5-year low on gold - what does this tell us?



Gold is supposed to do well in a crisis. Unfortunately, the recent Greek and China crises have not been good for gold. In fact, it has been a period of further declines as the crises did not play out not a  global flight to quality. It is not a given that gold will do well during a crisis. Gold is very particular on what it will respond to and there is not a pattern that can provide insight for investors. 

Gold is 40% off its price highs and speculative short positions are at the highest levels since 1995. The market hit highs during the last EMS crisis and when there was greater talk of inflation from QE. We now know that QE was not a recipe for inflation. Since that high, governments have been able to contain crises and inflation has not been a problem. Real rates have been negative and nominal rates have actually gone negative, but that has not slowed the slide in gold. Liquidity from the G3 is in abundance, but that has not helped gold prices.
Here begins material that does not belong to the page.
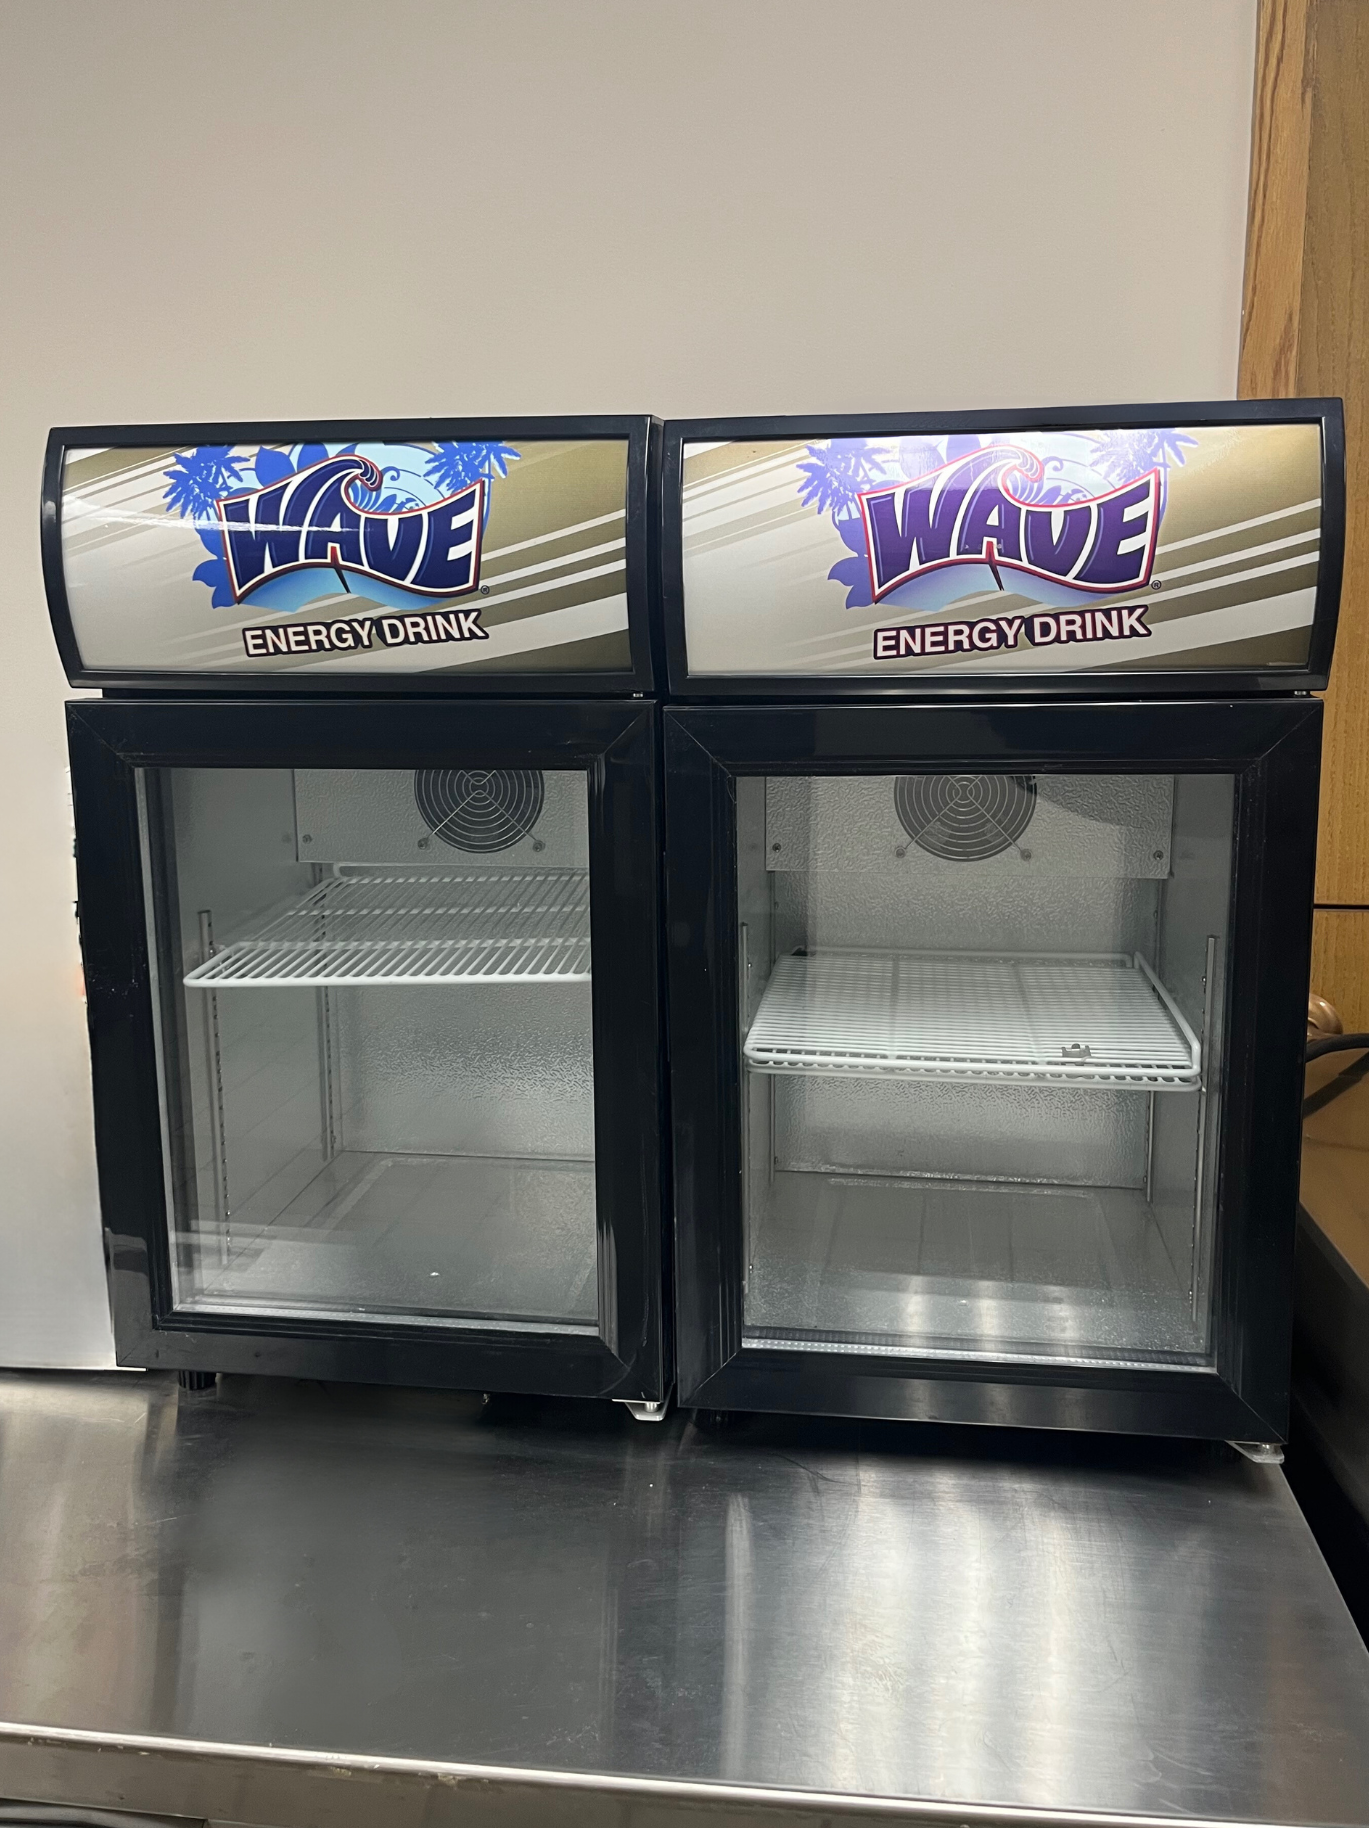 Model: N/A Winco Wave Beverage Refrigerator
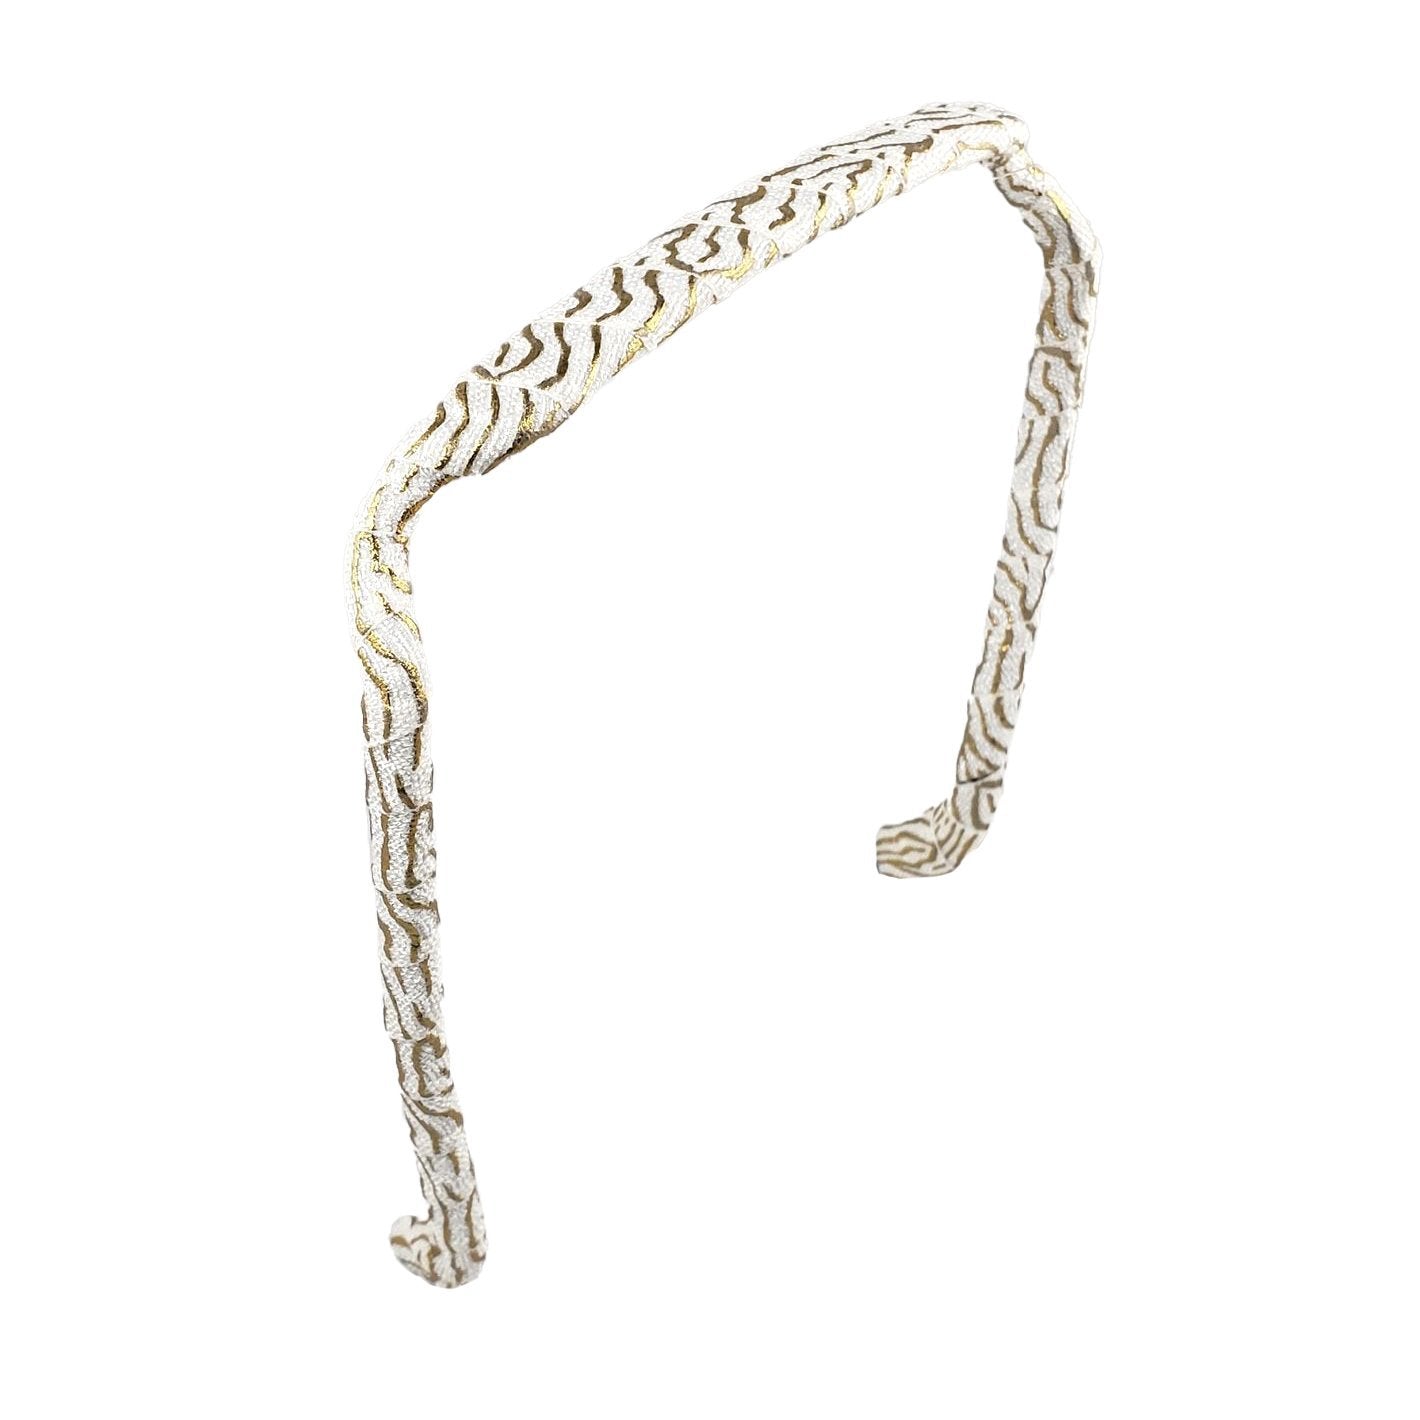 Zebra Gold and White Headband - Zazzy Bandz - hair accessory - curly hair

The Bank of China revealed its gold holding which disappointed many investors. The PBOC does not want too much gold for its foreign  reserves. Gold prices have declined with the better growth in the US and the strengthening of the dollar. Gold has moved down with other commodities over the last few years.

There just is not a good story for holding gold except that it may reverse if the fundamentals change. A reversal story at this time is a not a strategy for buying but a story for hope.